**What you need to do**
Go through the material below and return each line with the string "Images" in it.

**Study material**
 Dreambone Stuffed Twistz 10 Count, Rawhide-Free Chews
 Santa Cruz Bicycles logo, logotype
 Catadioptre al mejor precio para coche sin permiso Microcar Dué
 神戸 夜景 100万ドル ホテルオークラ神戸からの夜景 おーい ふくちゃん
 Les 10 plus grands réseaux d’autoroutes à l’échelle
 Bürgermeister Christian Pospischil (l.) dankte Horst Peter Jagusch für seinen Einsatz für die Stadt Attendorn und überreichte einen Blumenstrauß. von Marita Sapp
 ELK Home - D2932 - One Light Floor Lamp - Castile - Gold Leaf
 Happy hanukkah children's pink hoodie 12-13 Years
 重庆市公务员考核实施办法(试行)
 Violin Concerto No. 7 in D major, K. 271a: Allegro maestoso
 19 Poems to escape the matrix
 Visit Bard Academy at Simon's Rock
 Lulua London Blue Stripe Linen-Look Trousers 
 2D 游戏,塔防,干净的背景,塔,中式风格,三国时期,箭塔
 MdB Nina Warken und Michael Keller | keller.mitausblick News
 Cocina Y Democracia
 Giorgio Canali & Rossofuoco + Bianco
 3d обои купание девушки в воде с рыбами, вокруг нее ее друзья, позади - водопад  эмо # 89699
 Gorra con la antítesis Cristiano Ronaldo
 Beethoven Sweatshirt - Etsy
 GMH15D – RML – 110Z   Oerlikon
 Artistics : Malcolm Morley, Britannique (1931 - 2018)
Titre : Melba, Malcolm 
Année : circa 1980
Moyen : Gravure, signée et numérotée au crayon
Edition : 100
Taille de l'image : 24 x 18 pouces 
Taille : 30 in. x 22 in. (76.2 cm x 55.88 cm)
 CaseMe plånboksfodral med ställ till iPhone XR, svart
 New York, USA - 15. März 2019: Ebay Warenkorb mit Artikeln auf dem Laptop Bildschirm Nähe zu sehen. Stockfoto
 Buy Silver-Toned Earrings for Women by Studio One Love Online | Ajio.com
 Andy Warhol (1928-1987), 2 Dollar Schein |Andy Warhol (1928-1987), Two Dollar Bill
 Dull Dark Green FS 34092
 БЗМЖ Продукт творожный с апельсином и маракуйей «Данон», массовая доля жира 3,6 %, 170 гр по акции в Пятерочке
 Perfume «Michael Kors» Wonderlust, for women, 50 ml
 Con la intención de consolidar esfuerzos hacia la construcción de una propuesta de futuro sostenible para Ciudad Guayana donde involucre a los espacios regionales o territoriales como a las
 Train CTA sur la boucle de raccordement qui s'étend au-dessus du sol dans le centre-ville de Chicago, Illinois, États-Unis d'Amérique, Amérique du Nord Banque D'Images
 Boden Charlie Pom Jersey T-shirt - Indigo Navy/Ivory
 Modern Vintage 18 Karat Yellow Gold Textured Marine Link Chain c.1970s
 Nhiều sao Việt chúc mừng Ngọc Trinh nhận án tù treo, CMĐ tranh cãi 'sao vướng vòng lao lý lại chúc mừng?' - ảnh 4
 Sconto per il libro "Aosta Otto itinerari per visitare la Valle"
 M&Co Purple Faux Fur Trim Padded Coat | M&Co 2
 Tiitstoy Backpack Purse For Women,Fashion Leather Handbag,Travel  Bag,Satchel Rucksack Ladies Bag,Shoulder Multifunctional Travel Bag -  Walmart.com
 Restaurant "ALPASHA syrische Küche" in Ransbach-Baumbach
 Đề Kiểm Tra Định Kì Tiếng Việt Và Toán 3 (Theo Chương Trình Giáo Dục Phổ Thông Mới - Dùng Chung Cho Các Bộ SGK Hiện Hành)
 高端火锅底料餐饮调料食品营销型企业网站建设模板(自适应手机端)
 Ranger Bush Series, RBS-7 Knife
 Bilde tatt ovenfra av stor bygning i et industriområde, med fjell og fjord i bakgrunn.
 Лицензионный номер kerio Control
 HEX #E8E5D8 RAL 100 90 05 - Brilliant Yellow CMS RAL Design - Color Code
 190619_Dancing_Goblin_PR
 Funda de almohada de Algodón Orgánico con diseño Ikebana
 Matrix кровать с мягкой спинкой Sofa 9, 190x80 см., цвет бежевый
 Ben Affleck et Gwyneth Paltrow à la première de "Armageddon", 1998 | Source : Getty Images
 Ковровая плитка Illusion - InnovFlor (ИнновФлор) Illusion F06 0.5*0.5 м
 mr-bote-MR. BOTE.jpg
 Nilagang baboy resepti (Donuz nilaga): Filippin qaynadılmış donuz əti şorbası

**Task output**
 Train CTA sur la boucle de raccordement qui s'étend au-dessus du sol dans le centre-ville de Chicago, Illinois, États-Unis d'Amérique, Amérique du Nord Banque D'Images
 Ben Affleck et Gwyneth Paltrow à la première de "Armageddon", 1998 | Source : Getty Images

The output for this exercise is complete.